I stayed here for four years.” Even during their first semester, the first-year students feel this same sense of community. “What’s so cool about FYP is that it is equal parts a community of people who love theater and a production,” Meade said. “You’re joining a club that is so much more than just the production itself, with a bunch of people who are always there to support you.” Jacquelyn Bryant, pit director and fourth-year College student, ensures the orchestra is performance-ready by show week. In the rehearsals leading up to show week, Bryant’s direction of the pit is centered around building the musicians’ connection to each other, which she feels is integral to a good performance. “In my opinion, musicians and ensembles do better when you are connected with people individually, and then as musicians you’re better connected in that way as well,” Bryant said. “I usually like to get people talking for the first 10-ish minutes. We talk about our days or anything that went on over the weekend. Then we just go for whatever num-

ber we’re working on that day.” As the show approaches its premiere, the team has moved into the Student Activities Building to begin building sets and setting up the show’s technical elements. “The main building component actually happens all within one week,” Fitzgerald said. “From Monday till Sunday we basically just start from scratch, setting up the stage, lights, sound, costumes and show hair and makeup …Then the show week is, of course, a lot of rehearsals and tweaking of any technical elements that need to be fixed.” The actors, crew and pit will soon be entering tech week, which some jokingly call “hell week.” The week entails long rehearsals each night where all hands must be on deck to put all elements of the show together. It’s very time consuming,” Bryant said. “It’s a big jump in rehearsal commitment from what we usually do, but it’s one of my favorite times of the year just because it’s another way of getting to know each other better and connecting with each other.”
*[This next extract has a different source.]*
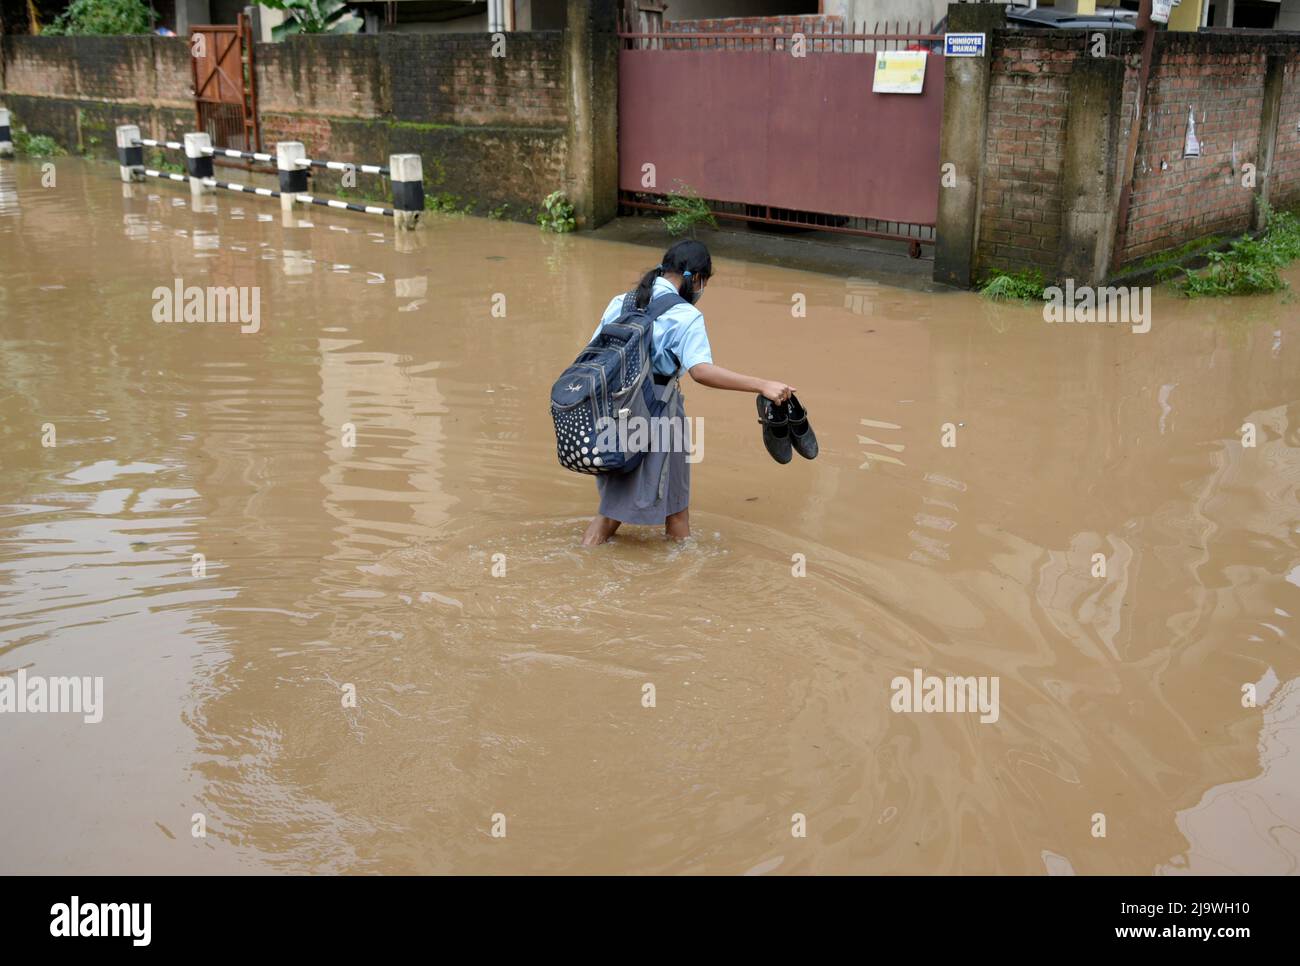 Guwahati, Assam, India. 25th May, 2022. A girl returns from school wades across a flooded street after heavy rains, in Guwahati, Assam, India on 25 May 2022. Waterlogging is a common scene in Guwahati city due to poor drainage system. Credit: David Talukdar/Alamy Live News Stock Photo

During hell week, cast, crew and pit are tasked with the challenges of putting all elements of production together. “Getting all the cues lined up with the pit and the actors is a really big challenge because they learn their music in a totally different way than we do,” said Andrew Culbertson, assistant pit director and fourth-year Engineering student. “We will put a metronome on and we’ll play, but [the cast] has to be acting when they’re going through the music. Sometimes that process can be tough.” Despite the challenges that will arise in the coming weeks, the First Year Players are optimistic and excited about their upcoming opening. “As grueling as the process may be, it’s just going to be really special to get to perform that for people,” Meade said. “Hello, Dolly!” is set to open Nov. 17 at the Student Activities Building, with shows at 7 p.m. Nov. 17, 18 and 20, and a matinee performance Nov. 20 at 2 p.m. Tickets will be available in the coming weeks.